The question is how many tea partyers enter the general election as independents, opposing both Republicans and Democrats on the ballot. That could happen in about 10 districts, he says.

In Senate races, tea-party-backed candidates are making a splash in several primaries:

Florida: Former state House Speaker Marco Rubio (R) has rocked the political world with his insurgent campaign against Gov. Charlie Crist (R) for the state's open Senate seat. Governor Crist, at one time a popular moderate with a knack for fundraising, appeared unbeatable, but the more conservative Mr. Rubio looks poised to beat him in the Aug. 24 primary - if Crist remains in the battle at all. He is widely reported to be considering quitting the GOP and running for Senate as an independent, which would turn the general election into a three-way battle.

Arizona: No less a figure than Sen. John McCain, the Republican Party's presidential nominee in 2008, faces a strong challenge from the right by former Rep. J.D. Hayworth. The Arizona tea party groups have opted not to make an endorsement in the Aug. 24 primary, but Mr. Hayworth is a clear favorite among rank-and-file tea partyers in the state.

Kentucky: Trey Grayson, Kentucky's secretary of state, looked like a shoo-in to become the Republican nominee for the state's open Senate seat until Rand Paul came along. Mr. Paul, an ophthalmologist and antitax activist, has gained traction with tea partyers, who discount Mr. Grayson over his GOP establishment backing. Paul is also the son of libertarian Rep. Ron Paul (R) of Texas, which gives him cachet.
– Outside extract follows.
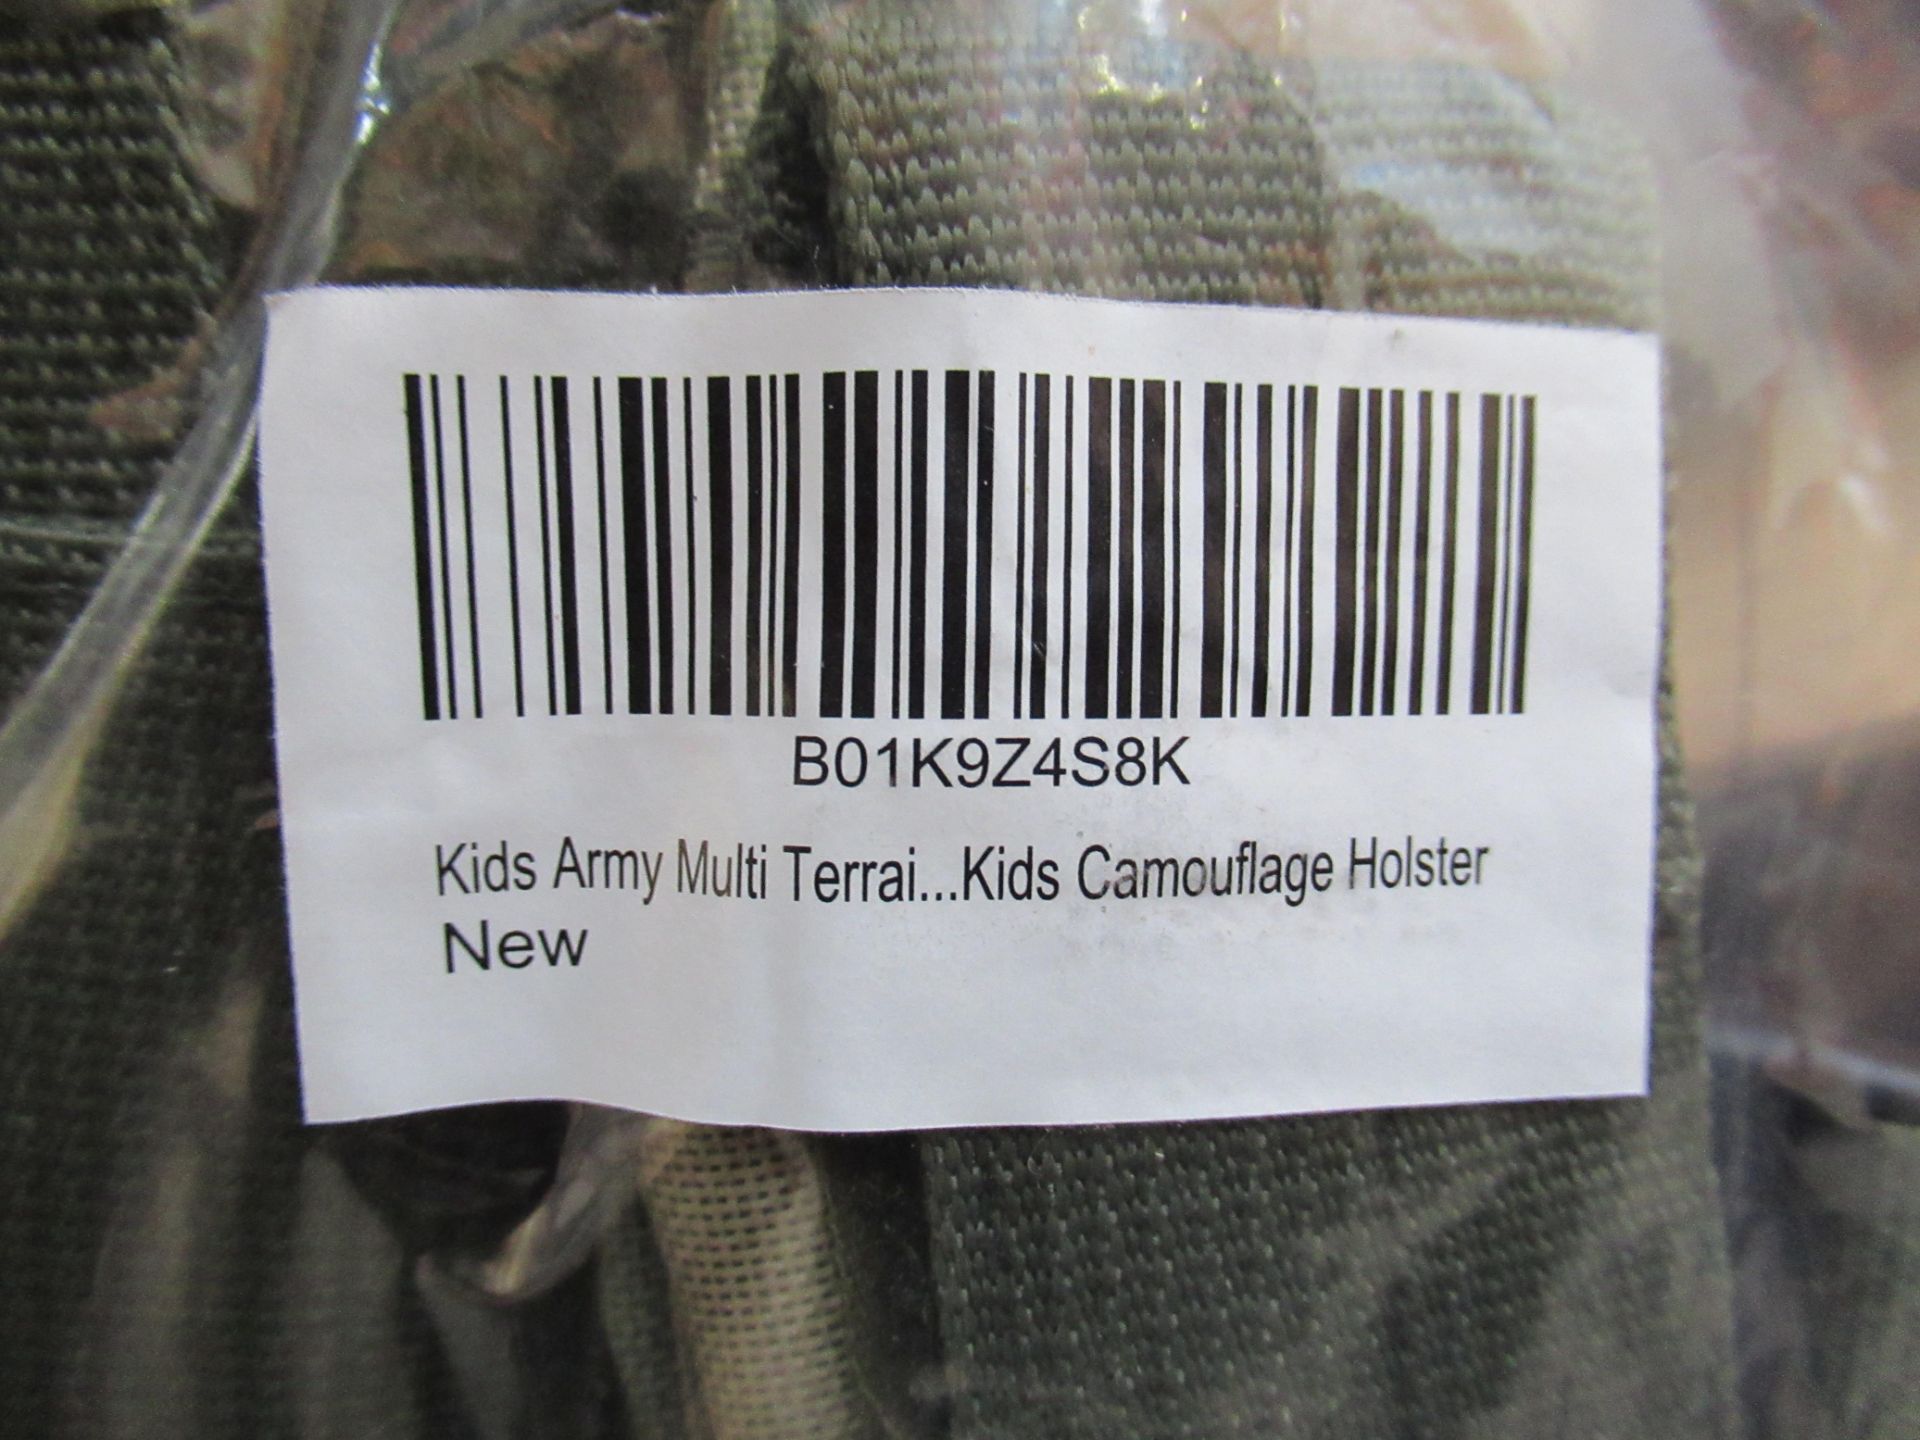 Box of childrens camoflage holsters - Image 3 of 3

Utah: Sen. Bob Bennett (R) presents perhaps the most striking example of an incumbent who could lose his seat because of tea party opposition. He is hardly a moderate, but he did support the original Wall Street bailout and has worked with Democratic Sen. Ron Wyden of Oregon on healthcare legislation.

In this cycle, that could be enough to do him in. Senator Bennett may not even emerge from the May nominating convention with a spot on the November ballot.

"Bennett is 'establishment,' so to the tea party he's part of the problem," says Jennifer Duffy, Senate analyst for the Cook Political Report.

Despite the impact tea partyers have had in political races, leaders are still fighting the notion that their movement is amorphous and therefore less than legitimate.

In early April, a coalition of 23 tea party organizations formed a National Tea Party Federation aimed at coordinating messaging and addressing image problems in the media. The fact that one major tea party group, Tea Party Patriots, declined to join may just further the idea that the movement lacks organizational definition.

But, say supporters, that's the whole point. The tea party is a bottom-up, grass-roots phenomenon that will remain energized only if members feel empowered and not controlled by a central authority, they say.

"I think the formation of the federation is more a symbolic gesture," says Mr. Kibbe of FreedomWorks, which joined the group. "Even though there are different groups, different tactics, and different memberships, we're all sort of in this together."

And new groups are still forming. Mike Glantz, a retired businessman in Clermont, Fla., a suburb of Orlando, had his first meeting in late March, expecting 30 or 40 people to show up. He got 180. For him, the driving issue is health-care reform – and specifically, cuts to Medicare Advantage. For the younger members, it's the federal debt and jobs.

"This was the first time I saw a group in public be so [upset] about what's going on in Washington," Mr. Glantz says.

Glantz also objects to the image of tea partyers on TV as "a bunch of stupid rednecks." In his group, he has retired professionals, small-business men, schoolteachers. "One guy is a licensed engineer," he says. "Sounds like a pretty bright guy to me."

Some tea partyers don't need any leader at all to be active. Laurie Whitehead of Alexandria, Va., says in an e-mail that her leader is "PRINCIPLE!" "I stand with anyone who stands for our Constitution (original intent), our freedom (including free markets), and says NO to reckless government spending and socialism!"